I can't get the following code to work, even tho there are no errors:
for i in range(1,170):
if i in df.col1 is False:
df.loc[len(df)+1] = [i,0,0]
else:
continue
Any advices?
It would be better to do something like:
In [37]:
# create our test df, we have vales 1 to 9 in steps of 2
df = pd.DataFrame({'a':np.arange(1,10,2)})
df['b'] = np.NaN
df['c'] = np.NaN
df
Out[37]:
a b c
0 1 NaN NaN
1 3 NaN NaN
2 5 NaN NaN
3 7 NaN NaN
4 9 NaN NaN
In [38]:
# now set the index to a, this allows us to reindex the values with optional fill value, then reset the index
df = df.set_index('a').reindex(index = np.arange(1,10), fill_value=0).reset_index()
df
Out[38]:
a b c
0 1 NaN NaN
1 2 0 0
2 3 NaN NaN
3 4 0 0
4 5 NaN NaN
5 6 0 0
6 7 NaN NaN
7 8 0 0
8 9 NaN NaN
So just to explain the above:
In [40]:
# set the index to 'a', this allows us to reindex and fill missing values
df = df.set_index('a')
df
Out[40]:
b c
a
1 NaN NaN
3 NaN NaN
5 NaN NaN
7 NaN NaN
9 NaN NaN
In [41]:
# now reindex and pass fill_value for the extra rows we want
df = df.reindex(index = np.arange(1,10), fill_value=0)
df
Out[41]:
b c
a
1 NaN NaN
2 0 0
3 NaN NaN
4 0 0
5 NaN NaN
6 0 0
7 NaN NaN
8 0 0
9 NaN NaN
In [42]:
# now reset the index
df = df.reset_index()
df
Out[42]:
a b c
0 1 NaN NaN
1 2 0 0
2 3 NaN NaN
3 4 0 0
4 5 NaN NaN
5 6 0 0
6 7 NaN NaN
7 8 0 0
8 9 NaN NaN
If you modified your loop to the following then it would work:
In [63]:
for i in range(1,10):
if any(df.a.isin([i])) == False:
df.loc[len(df)+1] = [i,0,0]
else:
continue
df
Out[63]:
a b c
0 1 NaN NaN
1 3 NaN NaN
2 5 NaN NaN
3 7 NaN NaN
4 9 NaN NaN
6 2 0 0
7 4 0 0
8 6 0 0
9 8 0 0
EDIT
If you wanted the missing rows to appear at the end of the df then you could just create a temporary df with the full range of values and other columns set to zero and then filter this df based on the values that are missing in the other df and concatenate them:
In [70]:
df_missing = pd.DataFrame({'a':np.arange(10),'b':0,'c':0})
df_missing
Out[70]:
a b c
0 0 0 0
1 1 0 0
2 2 0 0
3 3 0 0
4 4 0 0
5 5 0 0
6 6 0 0
7 7 0 0
8 8 0 0
9 9 0 0
In [73]:
df = pd.concat([df,df_missing[~df_missing.a.isin(df.a)]], ignore_index=True)
df
Out[73]:
a b c
0 1 NaN NaN
1 3 NaN NaN
2 5 NaN NaN
3 7 NaN NaN
4 9 NaN NaN
5 0 0 0
6 2 0 0
7 4 0 0
8 6 0 0
9 8 0 0
The expression if i in df.col1 is False always evaluates to false. I think it is looking in the index. Also I think you need to use pandas.concat in modern versions of pandas instead of assigning to df.loc[].

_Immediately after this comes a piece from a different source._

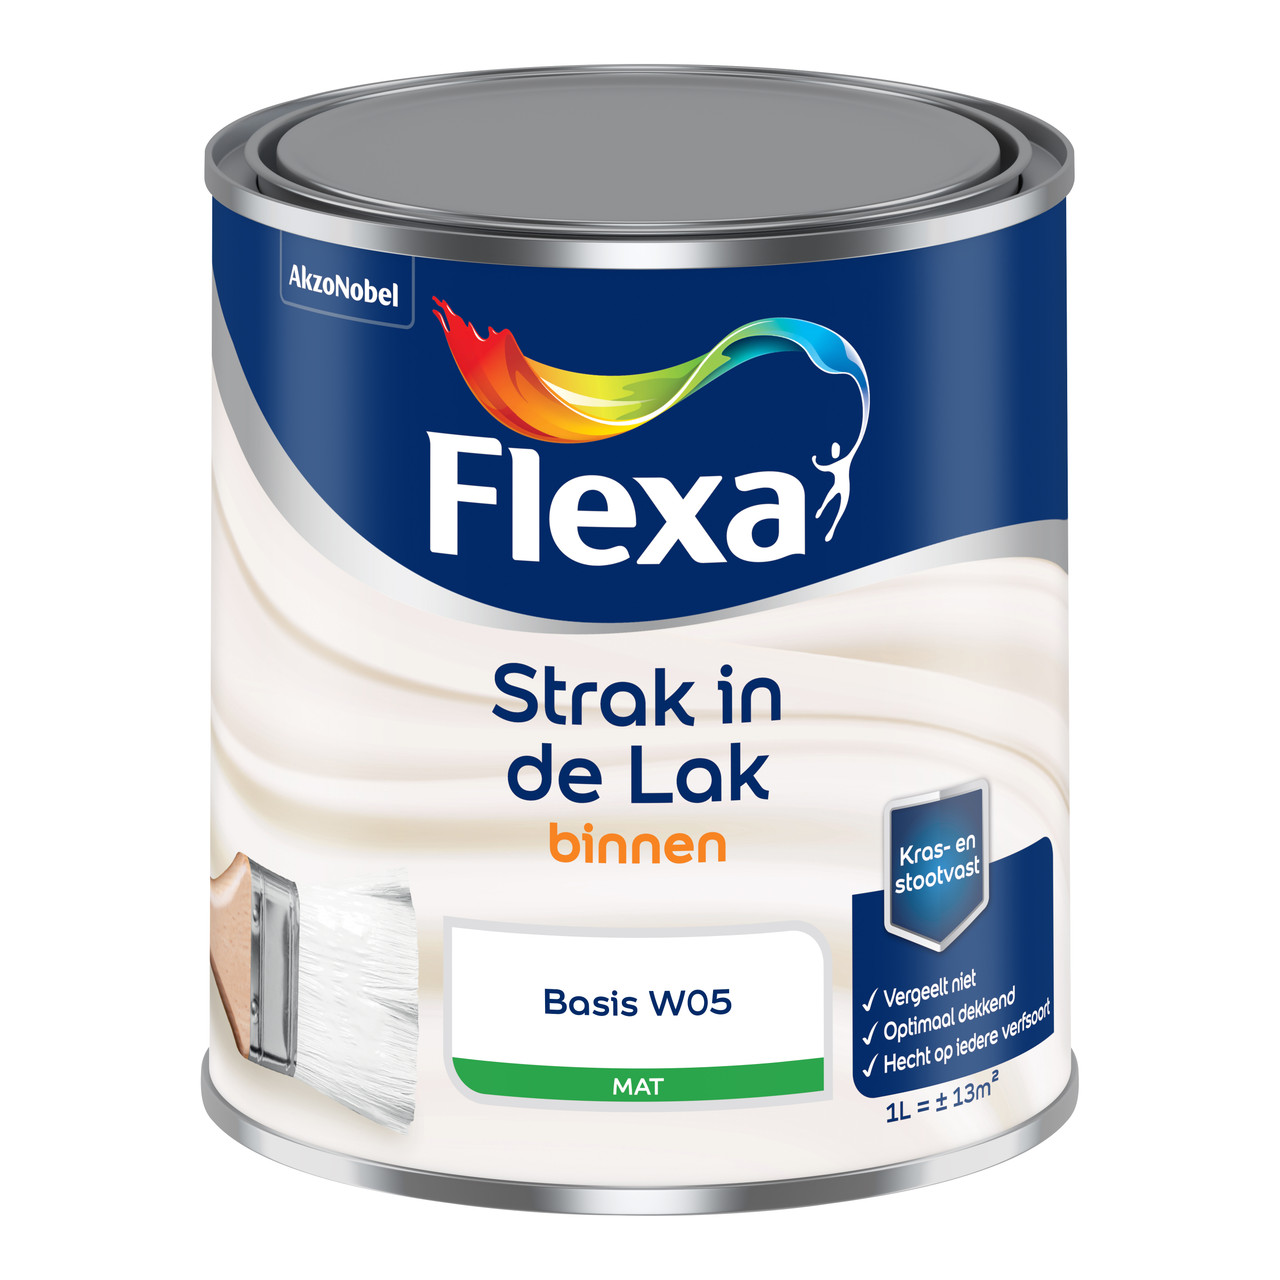 Postbode Wafel overdracht Flexa Strak in de Lak Binnenlak Mat | Flexa binnenlak
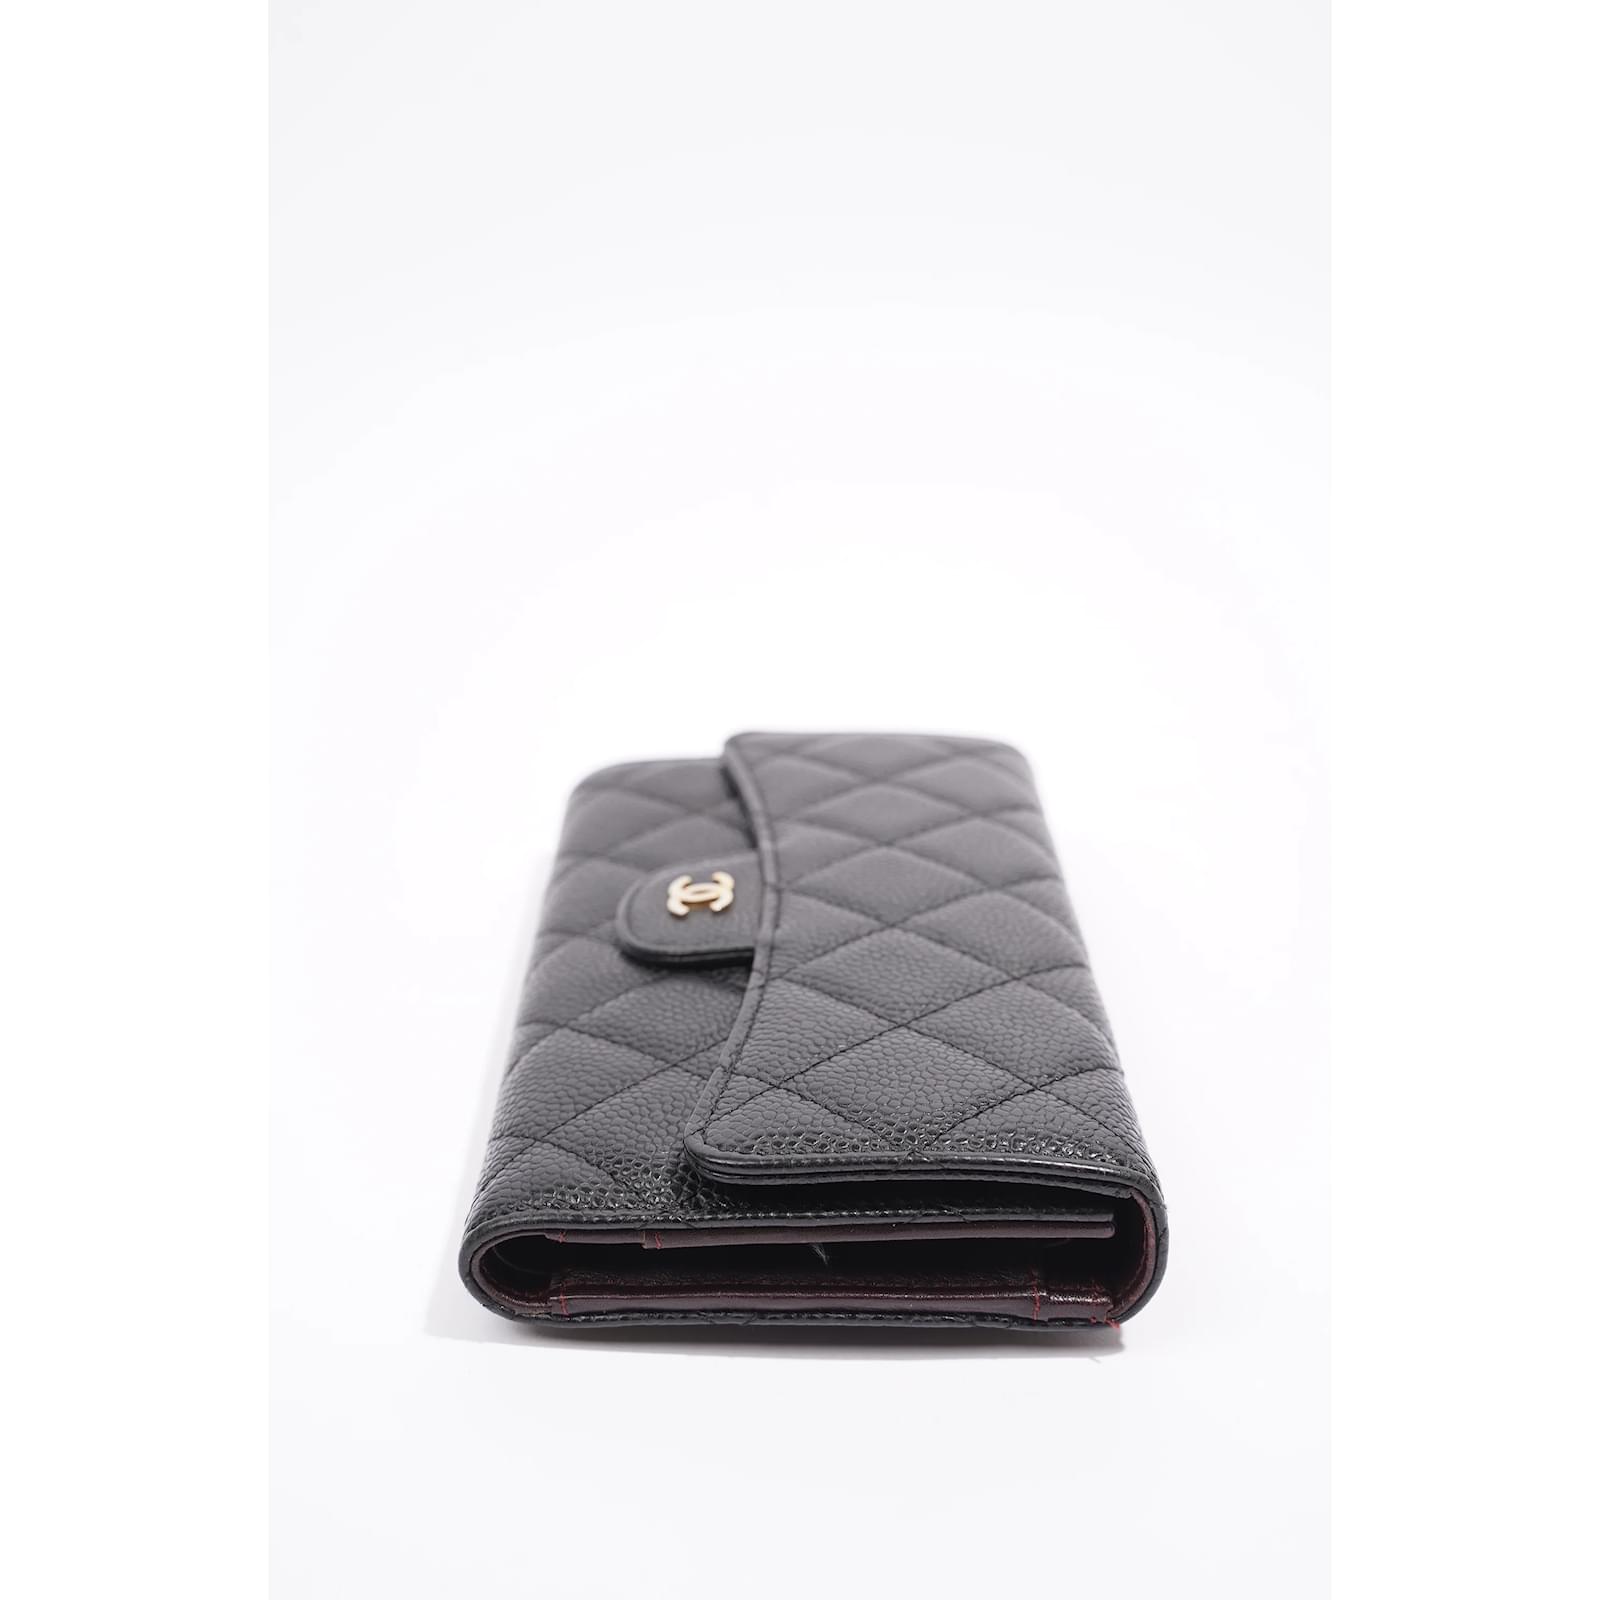 Chanel Black Caviar Small Classic Flap Wallet, myGemma, QA

I would recommend gathering all missing values in a list then concatenating them to the dataframe at the end. For instance
>>> df = pd.DataFrame({'col1': range(5) + [i + 6 for i in range(5)], 'col2': range(10)})
>>> print df
col1 col2
0 0 0
1 1 1
2 2 2
3 3 3
4 4 4
5 6 5
6 7 6
7 8 7
8 9 8
9 10 9
>>> to_add = []
>>> for i in range(11):
... if i not in df.col1.values:
... to_add.append([i, 0])
... else:
... continue
...
>>> pd.concat([df, pd.DataFrame(to_add, columns=['col1', 'col2'])])
col1 col2
0 0 0
1 1 1
2 2 2
3 3 3
4 4 4
5 6 5
6 7 6
7 8 7
8 9 8
9 10 9
0 5 0
I assume you don't care about the index values of the rows you add.